Dan sejak Jokowi menjadi Presiden Indonesia, Rizieq Shihab muncul yang terdepan yang menentang dirinya. Ibarat sebuah keranjang, Rizieq Shihab seperti menerima semua pesanan pihak manapun selama yang menjadi target atau sasaran adalah Presiden Indonesia. Orang berpikir bahwa Rizieq Shihab hanyalah boneka dari bohir-bohir penyewa jasa. Tapi terlepas dari anggapan itu, Rizieq Shihab sendiri akhirnya memperlakukan pesanan orang terlalu pribadi. Hingga kita tak bisa lagi membedakan, siapa sebenarnya yang sedang bermasalah? Para Bohir dengan Jokowi atau Rizieq Shihab dengan Jokowi?

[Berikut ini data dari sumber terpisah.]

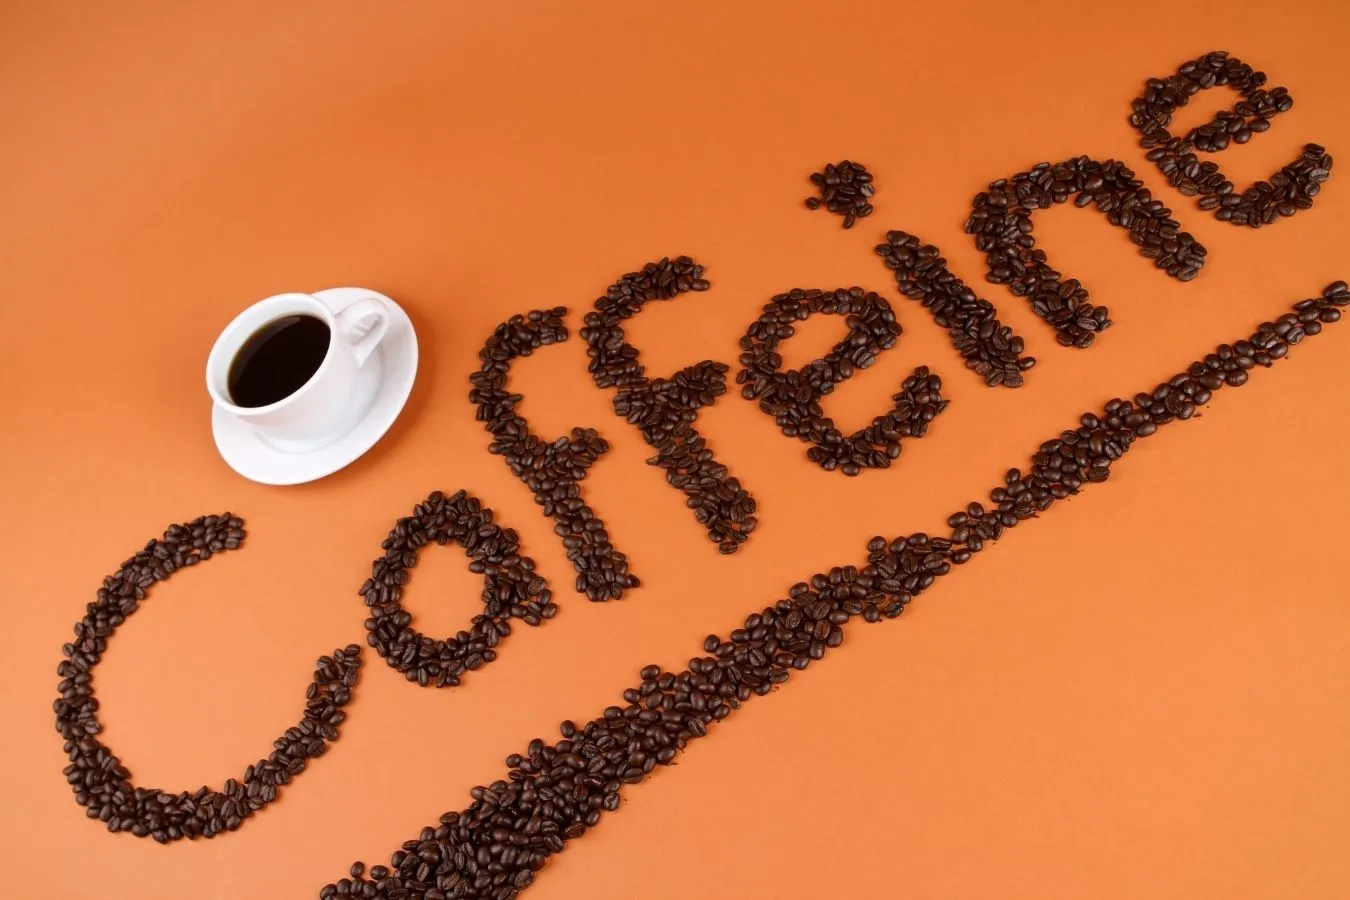 Is It True That Caffeine Can Slow Growth In Children

Kalau kemudian slogan “Salawi” yang kepanjangan dari “Semua Salah Jokowi” dan kalimat “Jokowi anak PKI” lahir, itu tentu karena adanya andil besar dari kelompok dan simpatisan FPI yang memandang hanya Habib Rizieq Shihab lah yang benar. Serangan seperti fitnah, hoax, hujatan dan makian, baik kepada Presiden Jokowi secara probadi, maupun pada anggota keluarganya, secara berkesinambungan dan konsisten terus dilakukan. Setiap ada kejadian apa saja, di daerah mana saja, semuanya langsung dikaitkan dengan Presiden Jokowi. Bagaimana alur cerita satu kejadian di satu daerah, bisa dengan halus bermuara dan menjadi salah Presiden Jokowi, seperti sudah menjadi norma. Hingga kita lupa bahwa di setiap daerah itu ada gubernur, bupati atau walikota, ada camat, lurah hingga ketua RW dan Ketua RT.
Tapi niat jahat mana yang bisa mengalahkan kebenaran dan kesabaran? Dengan sabar dan hanya berpijak pada kebenaran, semua serangan Rizieq Shihab tetap Jokowi hadapi secara konstitusional.

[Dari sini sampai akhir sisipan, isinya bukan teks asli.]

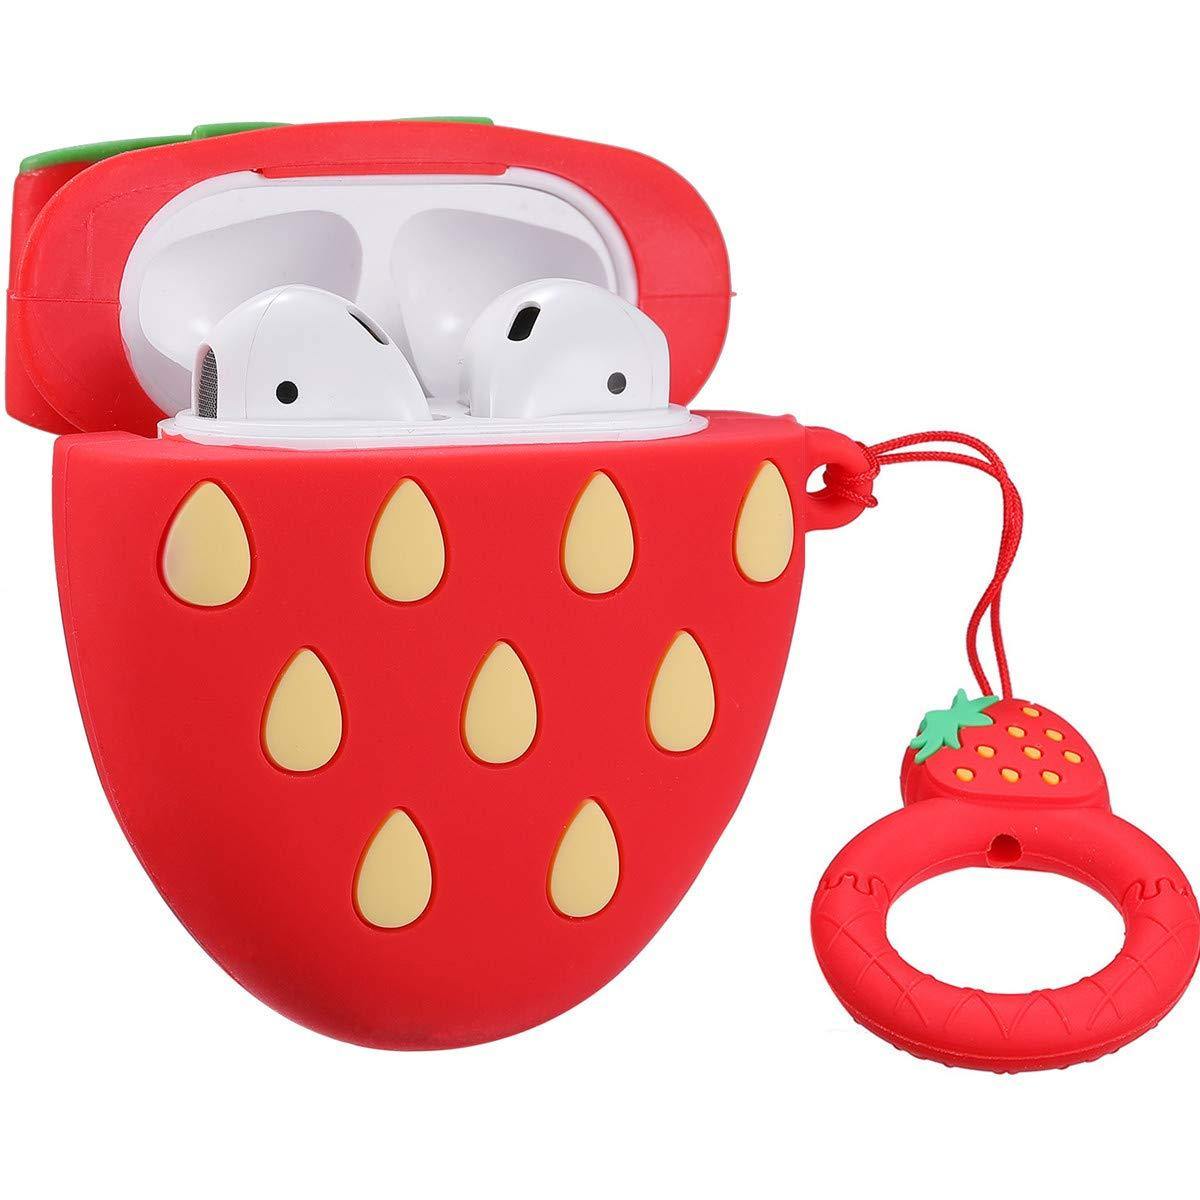 Strawberry Apple Airpods Case - Lottemi

Jokowi tak pernah sekalipun memanfaatkan jabatannya sebagai Presiden Indonesia untuk melawan atau menanggapi semua fitnahan, hinaan, bahkan tuduhan “Jokowi anak PKI” sekalipun. Hari ini, Rizieq Shihab terpuruk duduk di kursi pesakitan. Dalam persidangan kemaren, Rizieq Shihab memutuskan untuk diam. Di dalam hatinya, Rizieq mungkin bergumam, “Sialan… segala cara gue lakuin buat ngelengserin si wajah planga-plongo. Gue udah kurang apa coba nyangkutin semua perkara sama ini orang. Tiap ada kesempatan, gue pasti bilang, “lengserkan Jokowi”. Sepertinya gue sedang dijerumuskan sama si bohir-bohir. Gue udah gegabah nerima orderan buat nyerang orang yang salah. Dan itu baru gue sadarin sekarang, setelah 7 tahun lebih nyerang dia…”

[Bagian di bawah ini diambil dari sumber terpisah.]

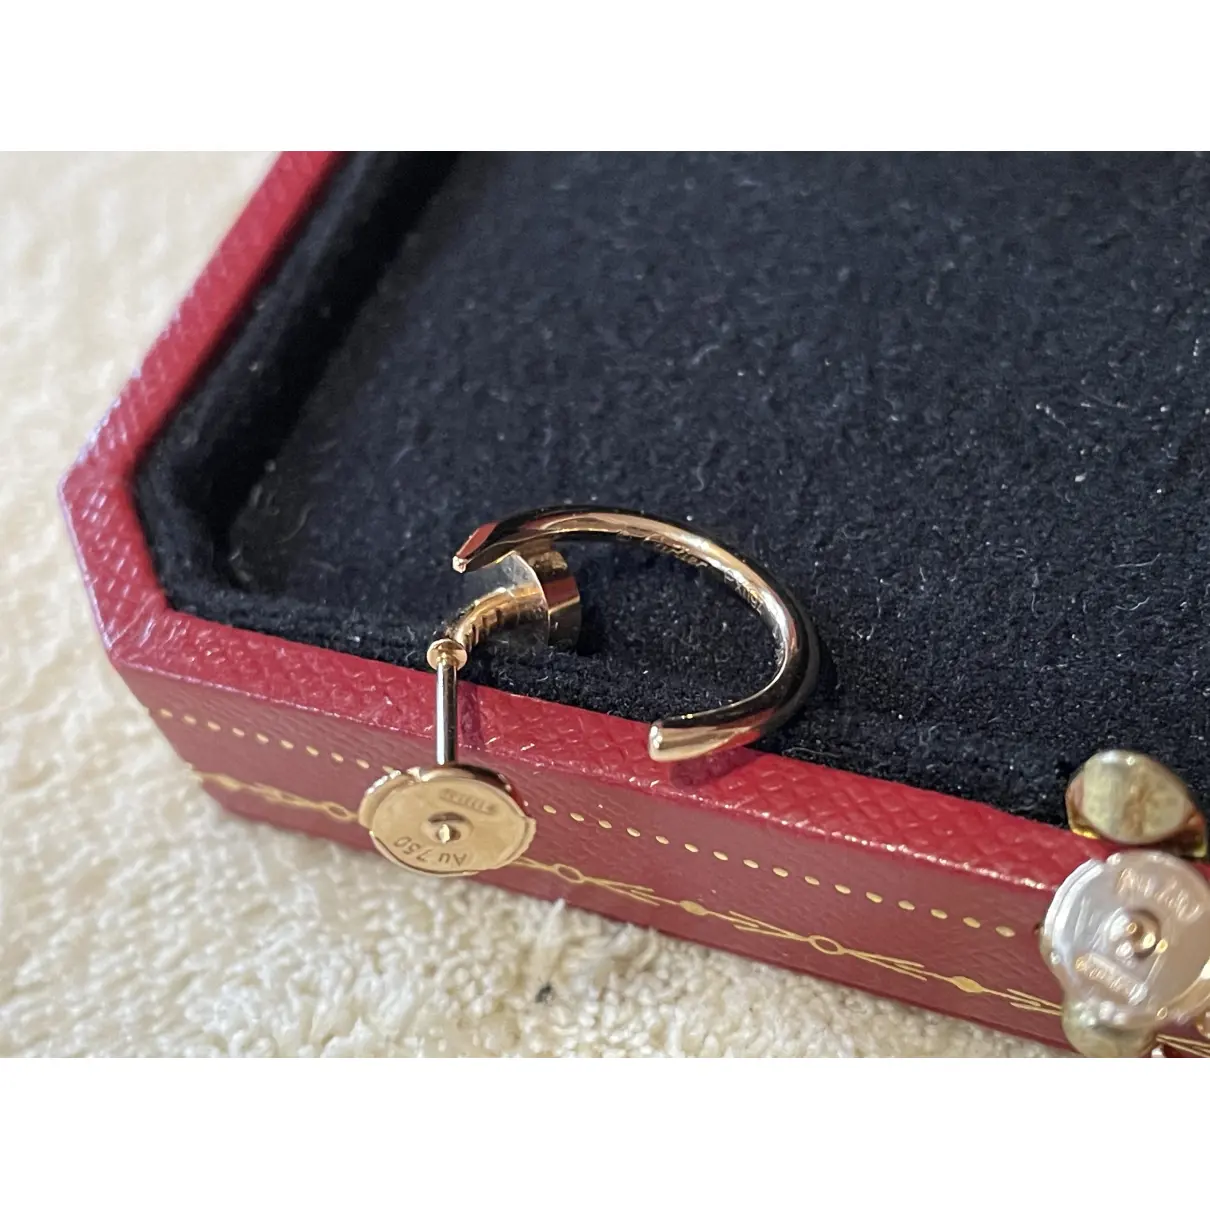 Buy Cartier Juste un Clou pink gold earrings online

Well, sebenarnya, kalau sifat dan karakter Jokowi seperti SBY, yang gampang tersinggung dan baperan, tentu Jokowi sudah menjadi sasaran yang tepat. Karena dari serangakaian aksi yang dilakukan oleh Rizieq Shihab dan gerombolannya, tak ada satupun yang ditanggapi Jokowi. Bahkan, di perhelatan akbar unjuk rasa 212 saja, Jokowi men-cu’ek-an Rizieq Shihab. Jika saja, Presiden Jokowi tak sesabar itu, saya yakin, dari dulu Rizieq Shihab sudah menang, menggapai apa yang dia inginkan. Diakui sebagai Imam Besar Umat Islam Indonesia, bahkan tak menutup kemungkinan RIzieq Shihab berkeinginan menjadi Presiden Indonesia, seperti Anies Baswedan.